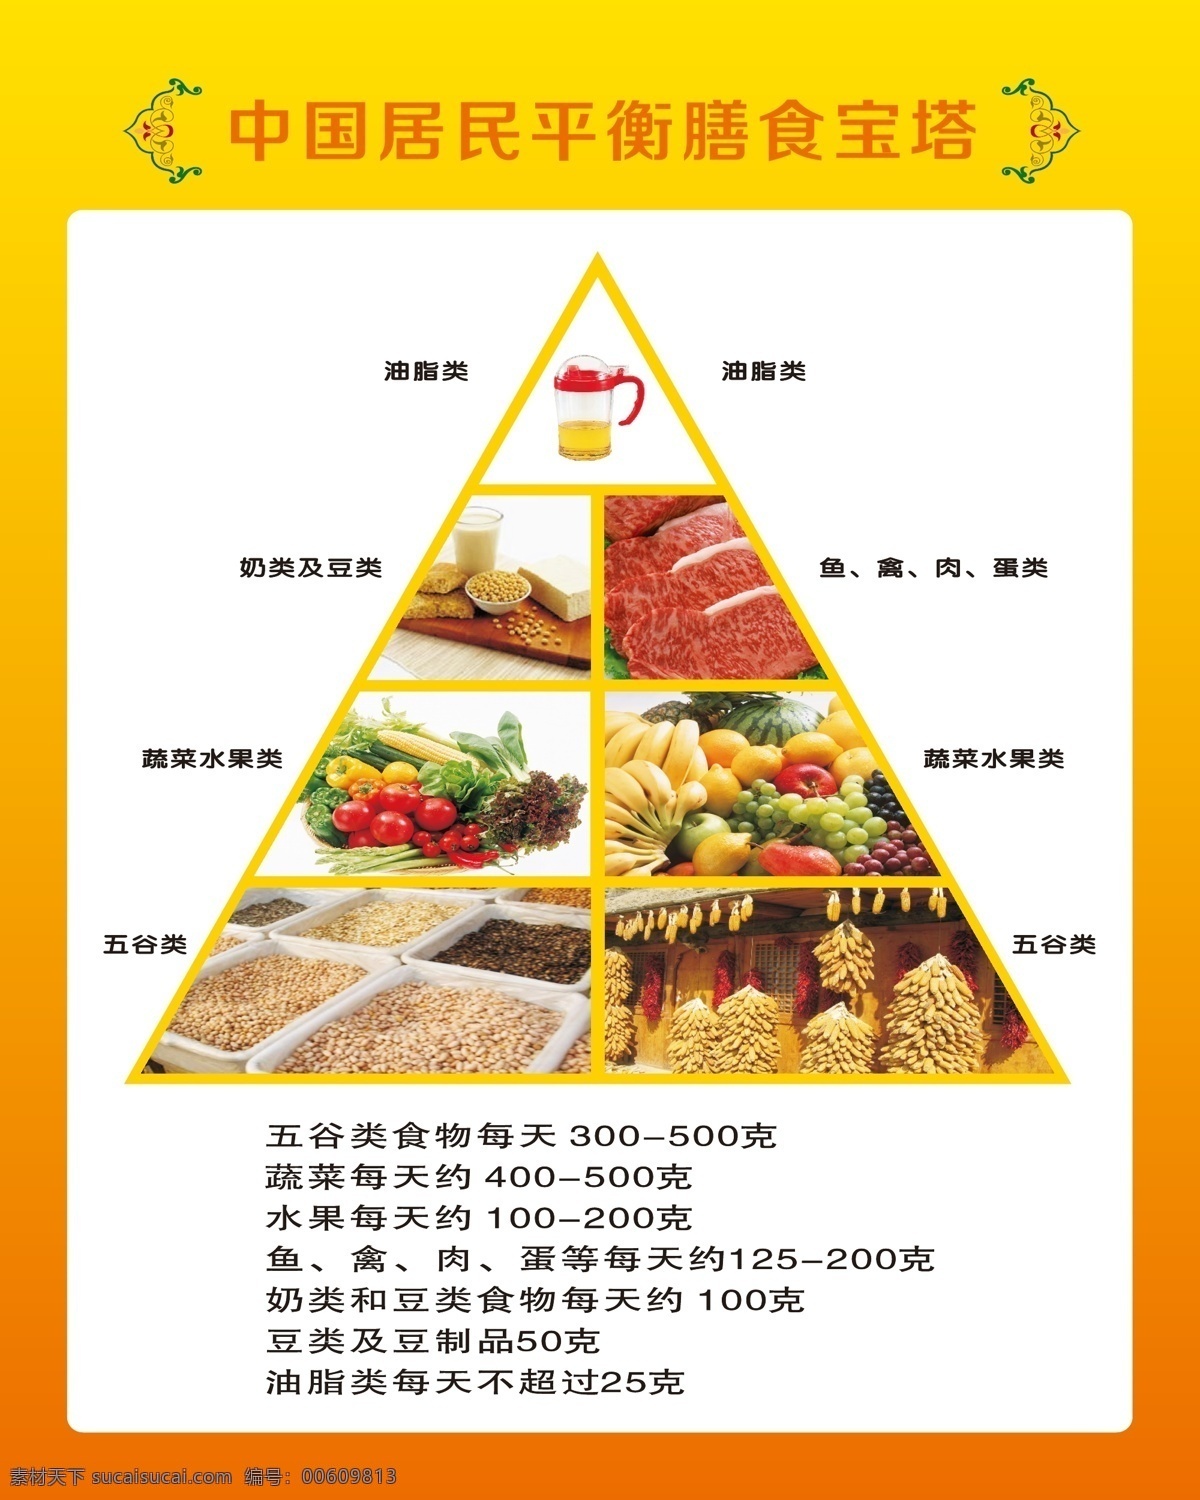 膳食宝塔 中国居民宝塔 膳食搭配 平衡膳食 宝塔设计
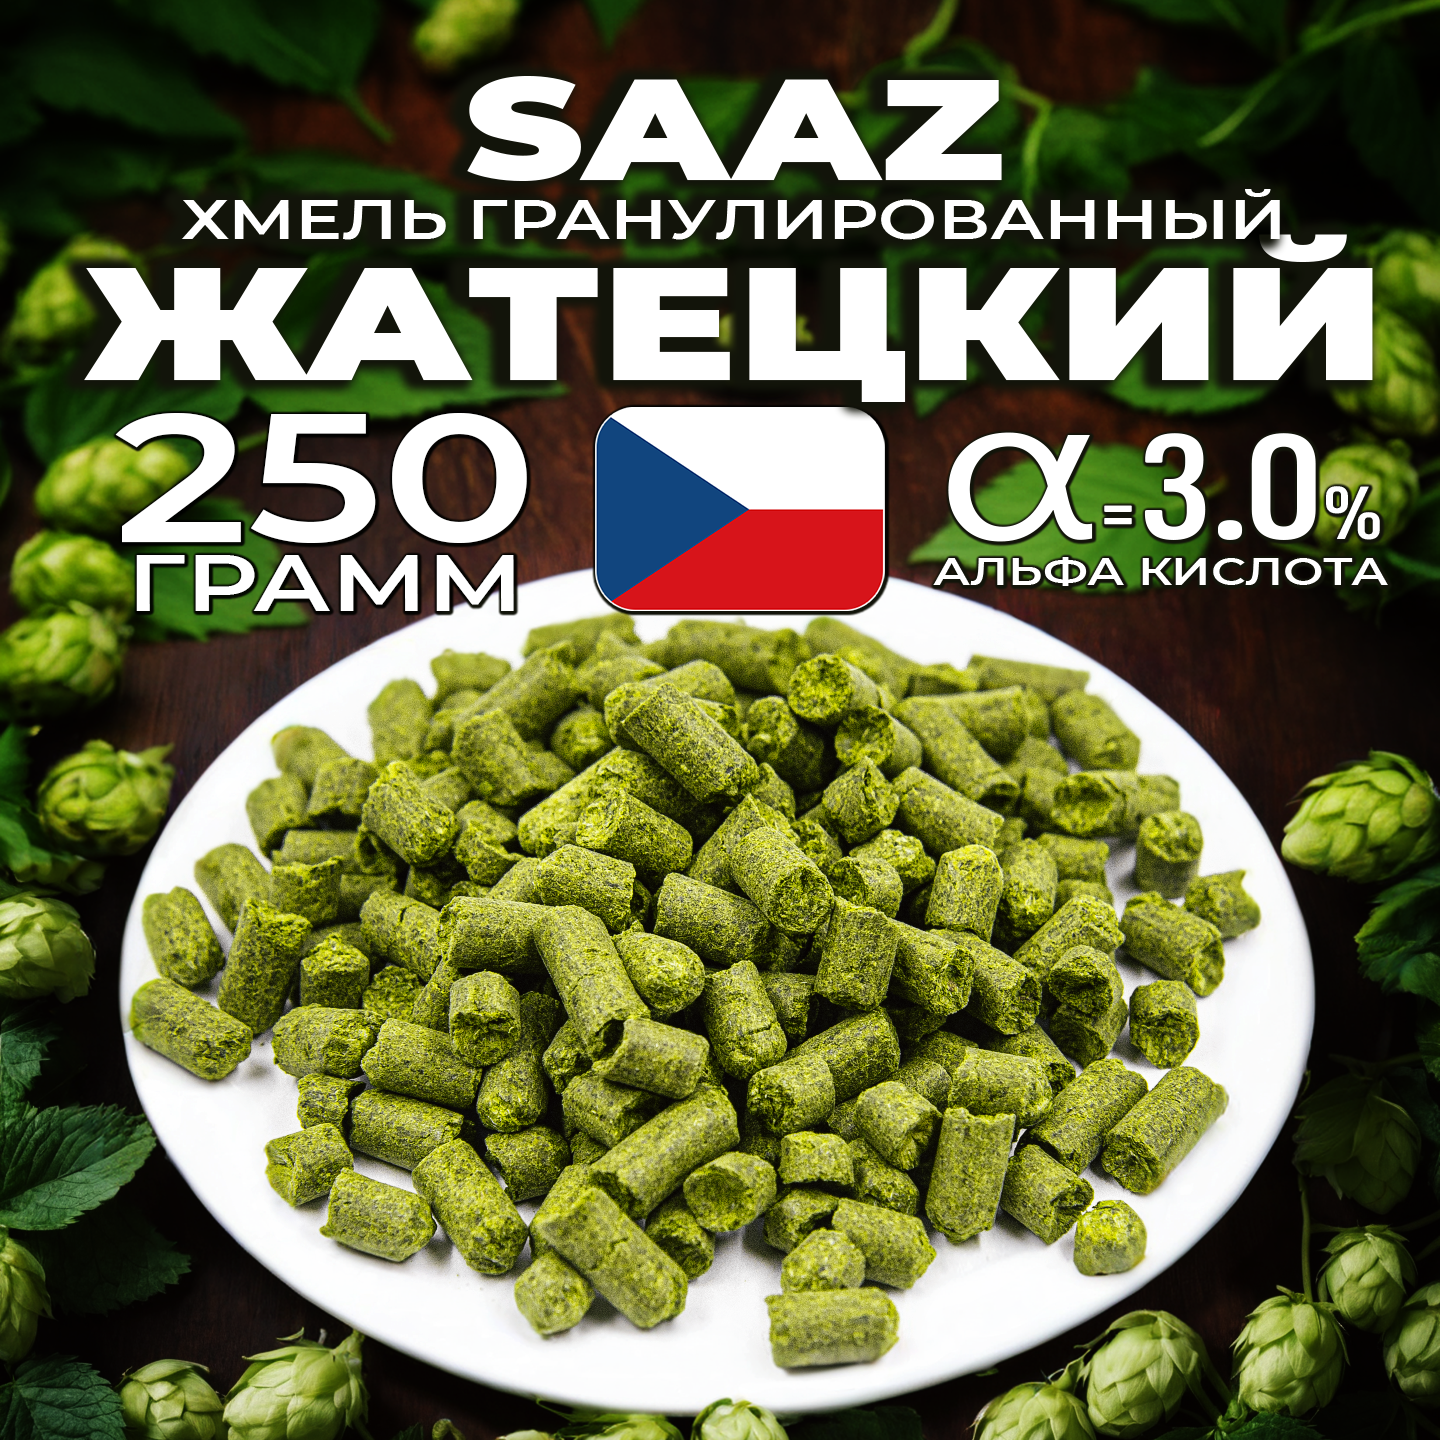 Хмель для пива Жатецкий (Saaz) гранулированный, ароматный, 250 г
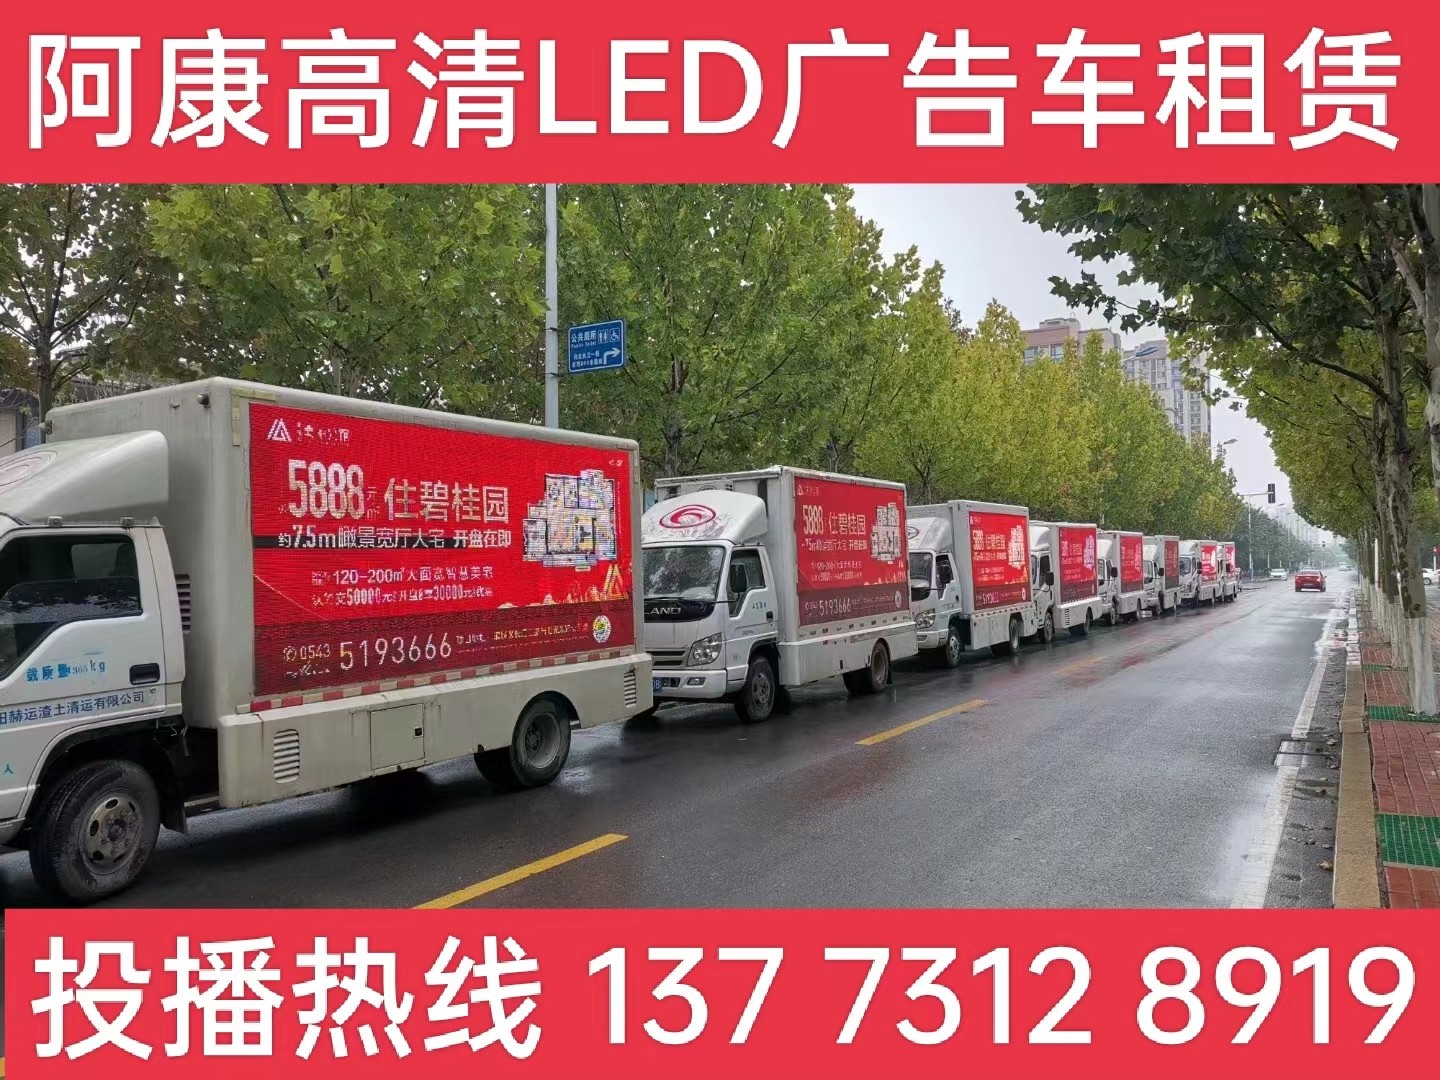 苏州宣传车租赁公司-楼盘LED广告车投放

▶ _TRY IT_
Omitting all pictures, give the preceding listing again exactly.

▶ _ANSWER TO THIS PROBLEM_
 膳食宝塔 中国居民宝塔 膳食搭配 平衡膳食 宝塔设计
 Хмель для пива Жатецкий (Saaz) гранулированный, ароматный, 250 г
 苏州宣传车租赁公司-楼盘LED广告车投放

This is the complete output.